Christophe appeared, pale, in his nightgown, with a candle and a book in

his hand, making strange, solemn, and grotesque gestures. Louisa was in

terror and got up in her bed, thinking that he was mad. He began to laugh,

and, waving his candle, he declaimed a scene from Molière. In the middle of

a sentence he gurgled with laughter; he sat at the foot of his mother’s bed

to take breath; the candle shook in his hand. Louisa was reassured, and

scolded him forcibly:

 

“What is the matter with you? What is it? Go to bed…. My poor boy, are

you going out of your senses?”

 

But he began again:

 

“You must listen to this!”

 

And he sat by her bedside and read the play, going back to the beginning

again. He seemed to see Corinne; he heard her mocking tones, cutting and

sonorous. Louisa protested:

 

“Go away! Go away! You will catch cold. How tiresome you are. Let me go to

sleep!”

 

He went on relentlessly. He raised his voice, waved his arms, choked with

laughter; and he asked his mother if she did not think it wonderful. Louisa

turned her back on him, buried herself in the bedclothes, stopped her ears,

and said:

 

“Do leave me alone!…”

 

But she laughed inwardly at hearing his laugh. At last she gave up

protesting. And when Christophe had finished the act, and asked her,

without eliciting any reply, if she did not think what he had read

interesting, he bent over her and saw that she was asleep.

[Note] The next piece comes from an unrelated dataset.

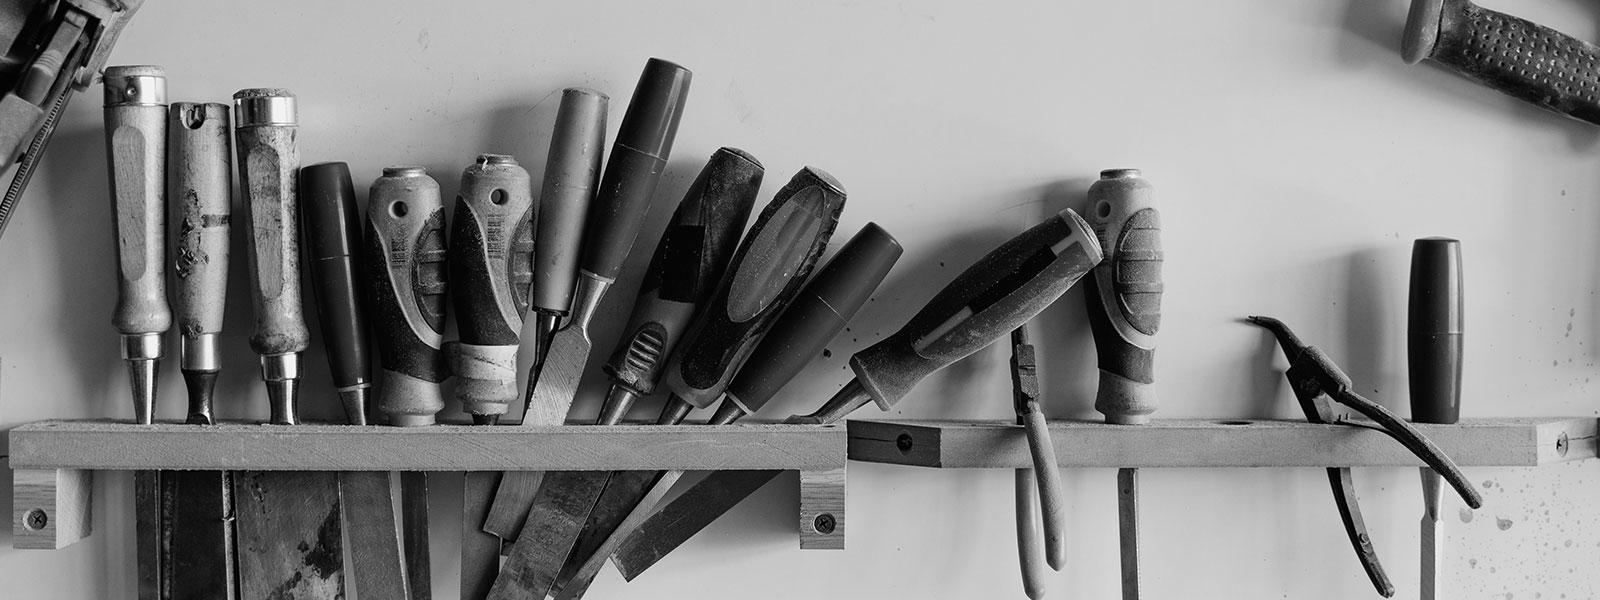 Tradesman's tools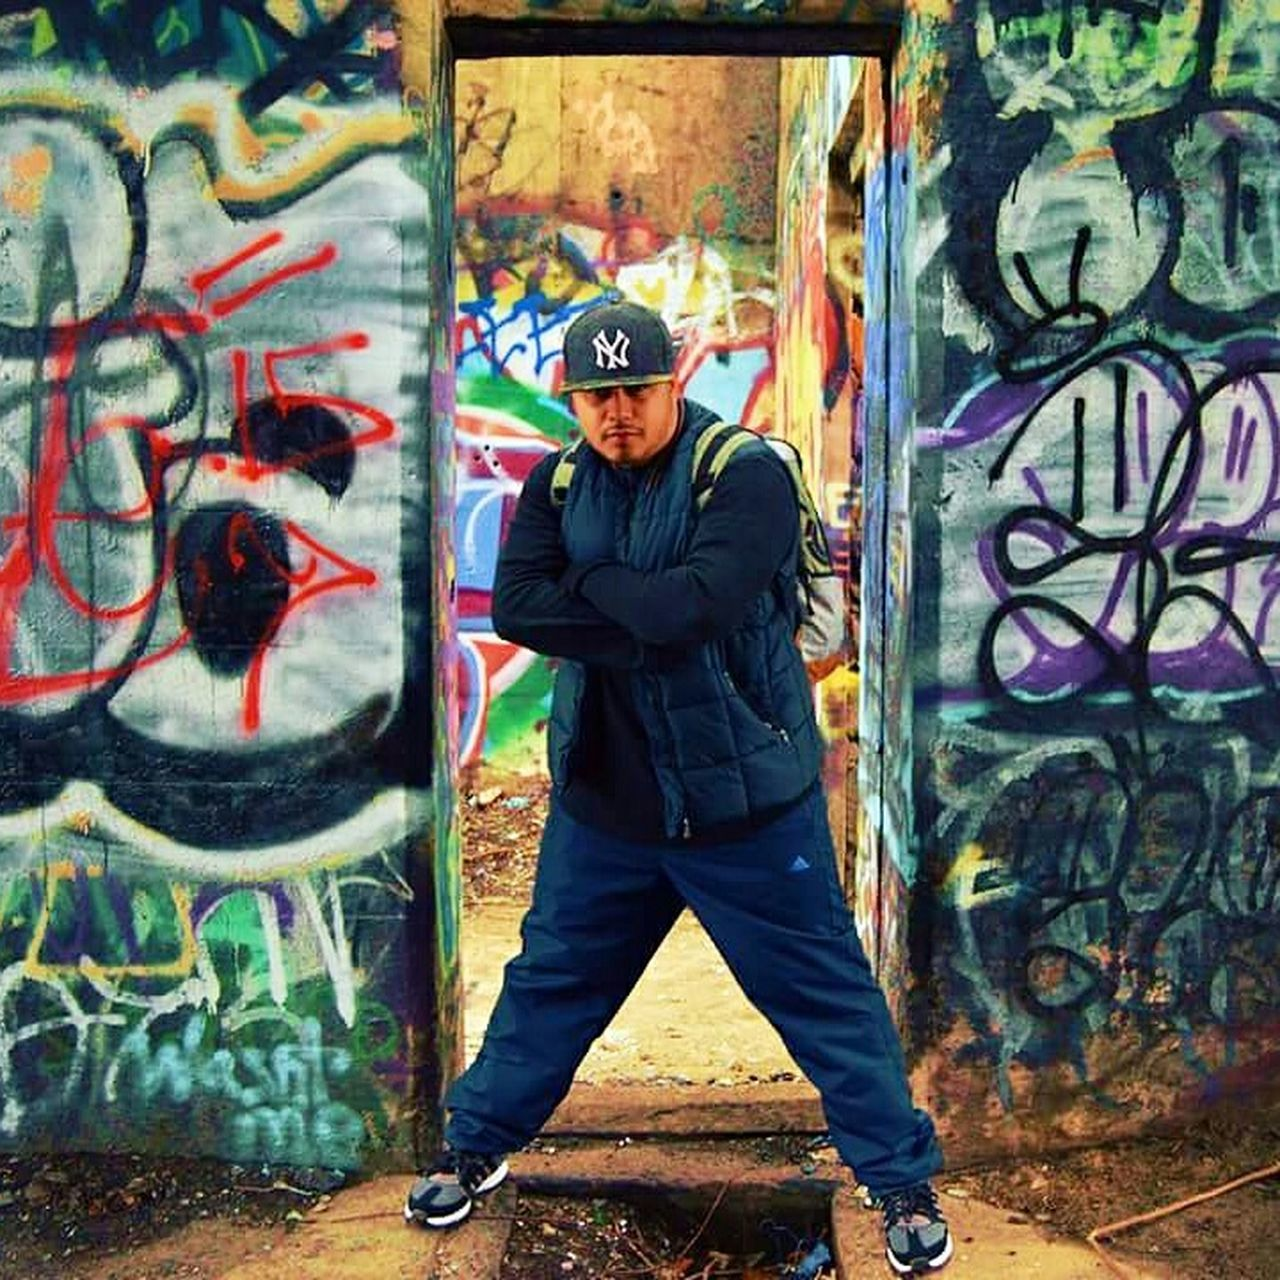 The Traveler - 2015 EyeEm Awards Urban Photography Graffiti Pier Graffiti Abandoned Places Urban Art Get Lost Urban Exploration

Then he smiled,

gently kissed her hair, and stole back to his own room.

 

*

 

He borrowed more and more books from the Reinharts’ library. There were all

sorts of books in it. Christophe devoured them all. He wanted so much to

love the country of Corinne and the unknown young woman. He had so much

enthusiasm to get rid of that he found a use for it in his reading. Even

in second-rate works there were sentences and pages which had the effect

on him of a gust of fresh air. He exaggerated the effect, especially when

he was talking to Frau Reinhart, who always went a little better than he.